TASK BRIEF
Please set down the data again exactly, minus the pictures.

INFORMATION SUPPLIED

● ● ● ● ● ● ●

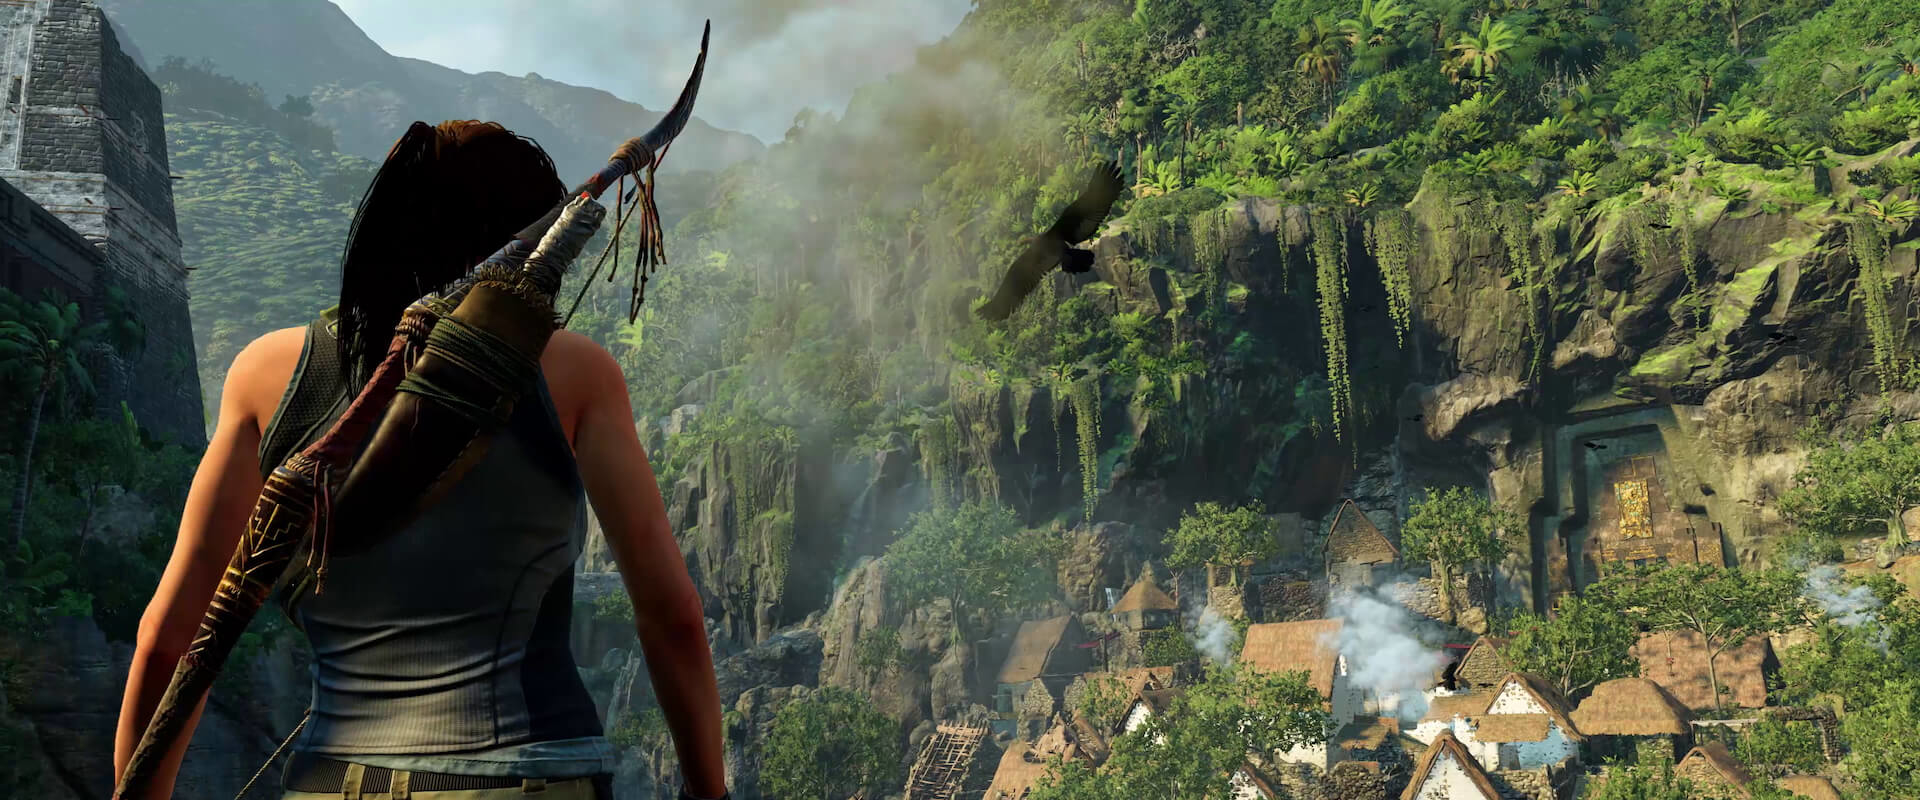 Lara Croft izgalmas videócsokorral érkezik
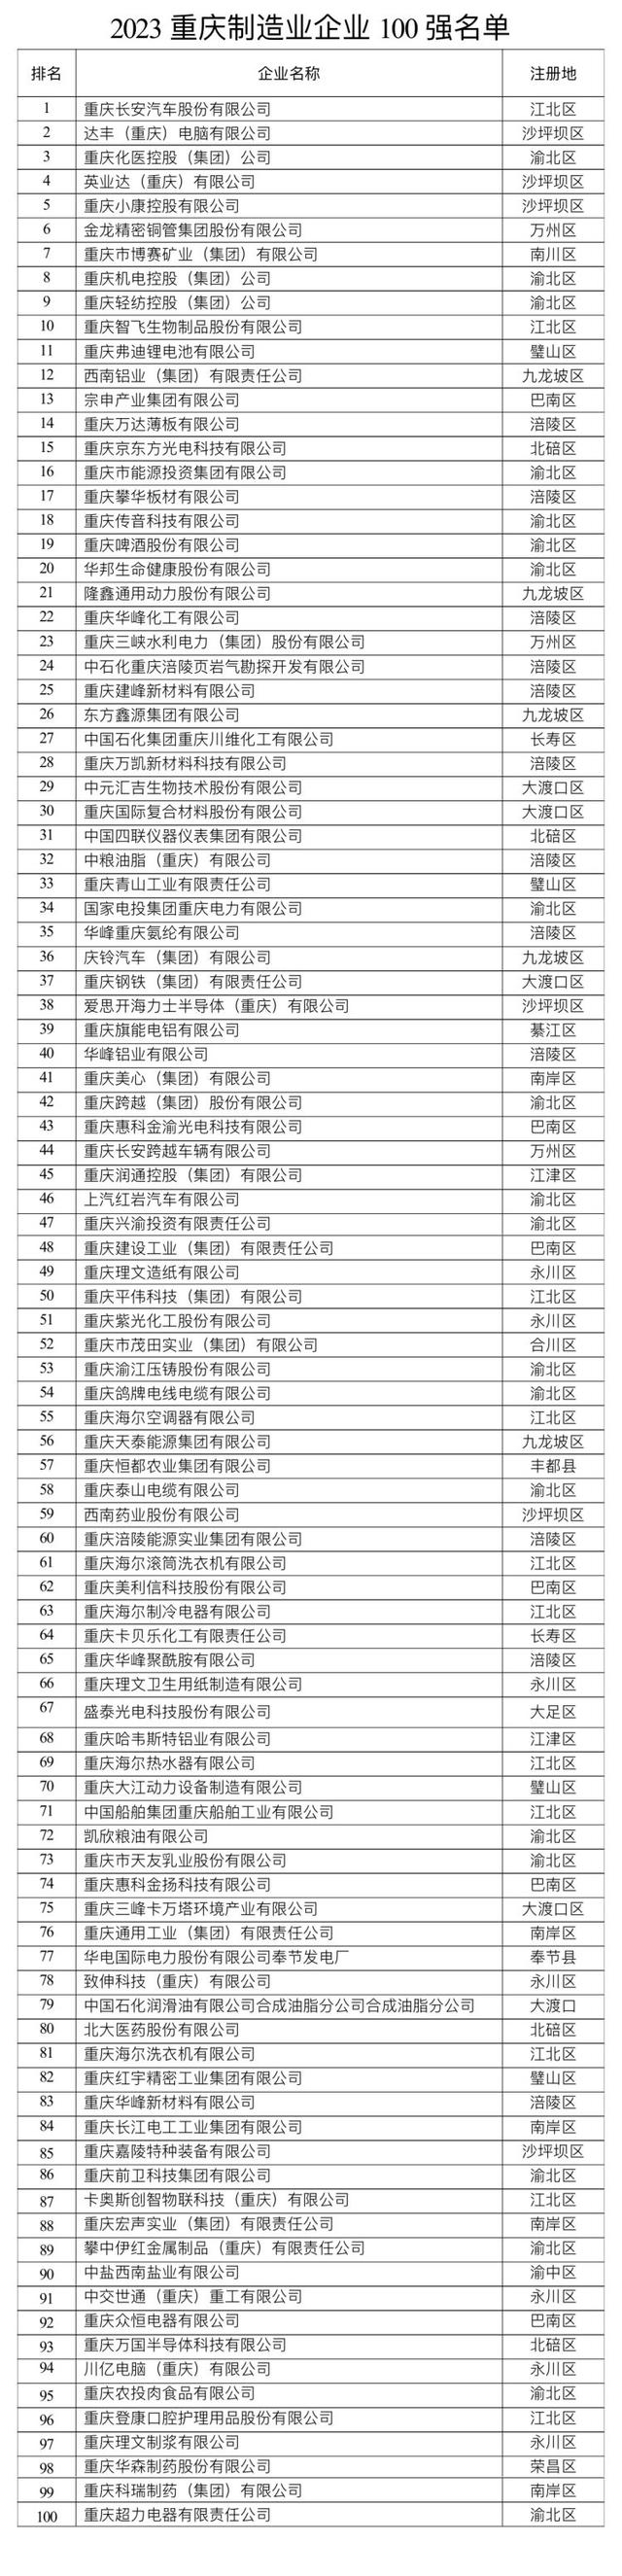 2023重庆企业100强出炉！龙湖集团、长安汽车、达丰电脑位居前三
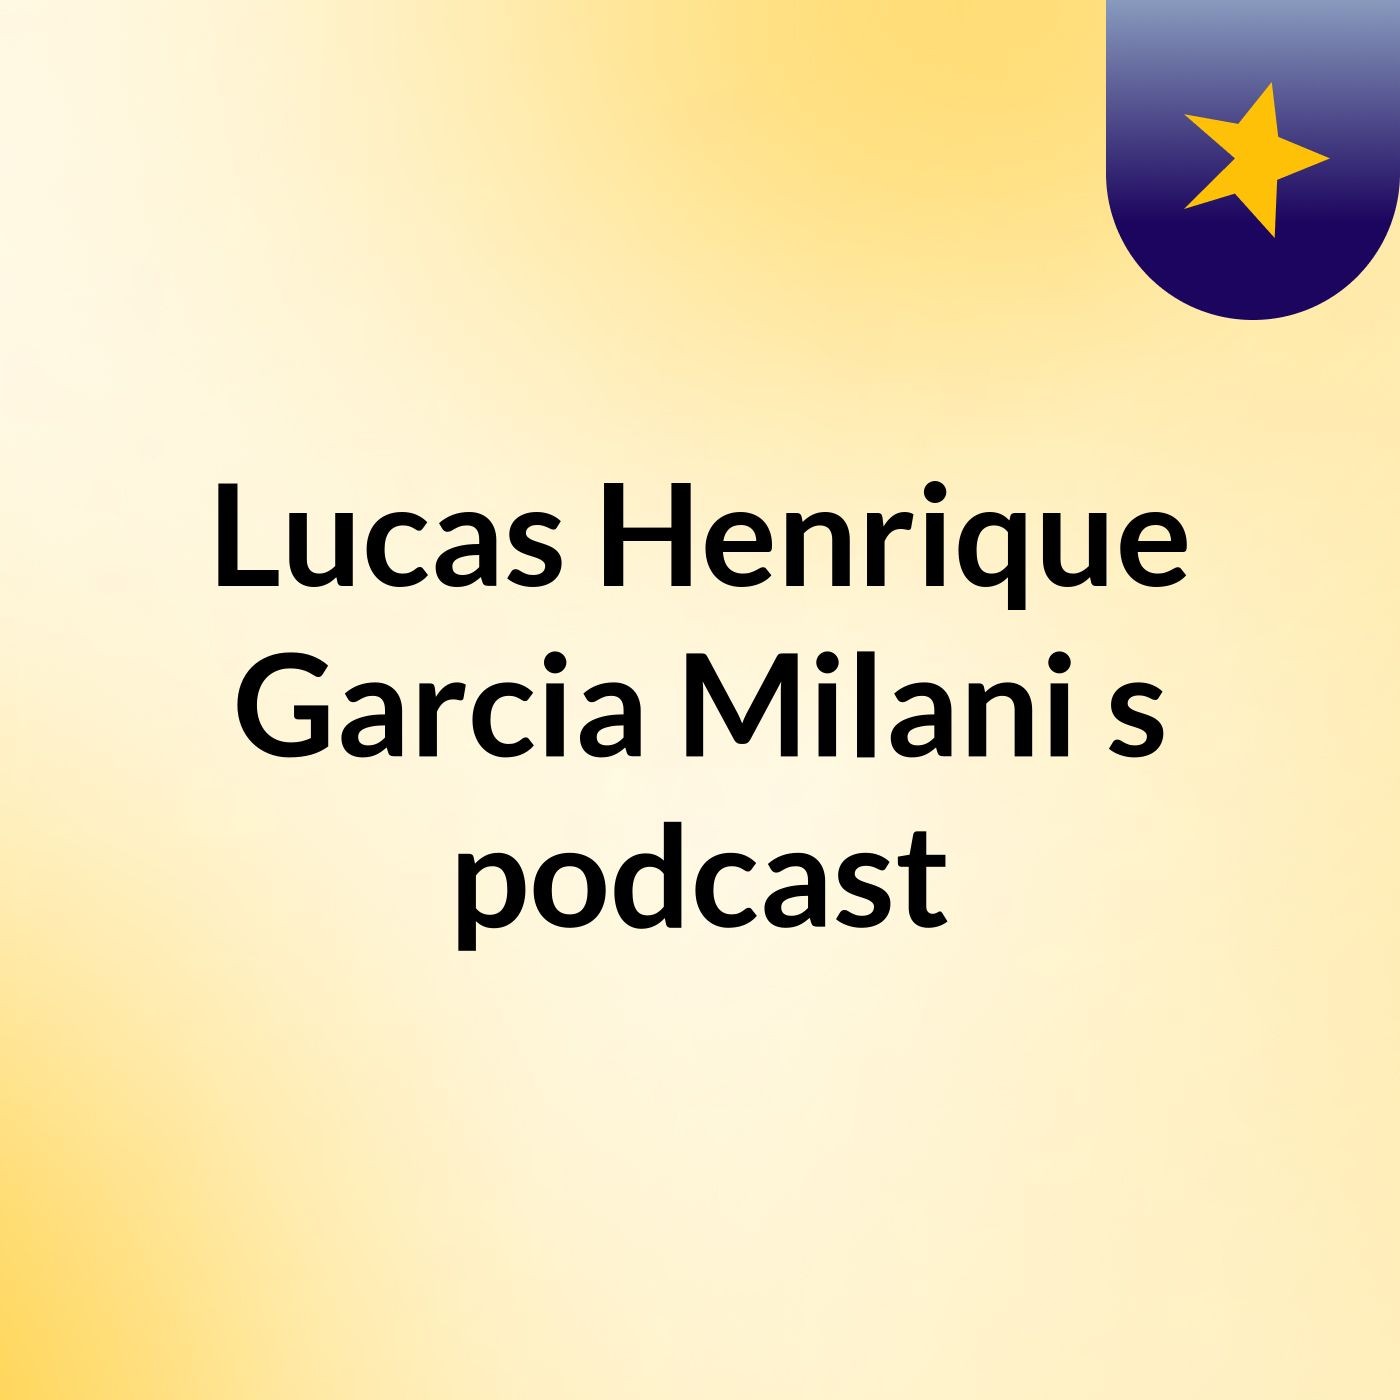 Lucas Henrique Garcia Milani's podcast

● ● ● ● ● ● ●

WRITTEN SOLUTION
 Lara Croft izgalmas videócsokorral érkezik
 2023重庆企业100强出炉！龙湖集团、长安汽车、达丰电脑位居前三
 Lucas Henrique Garcia Milani's podcast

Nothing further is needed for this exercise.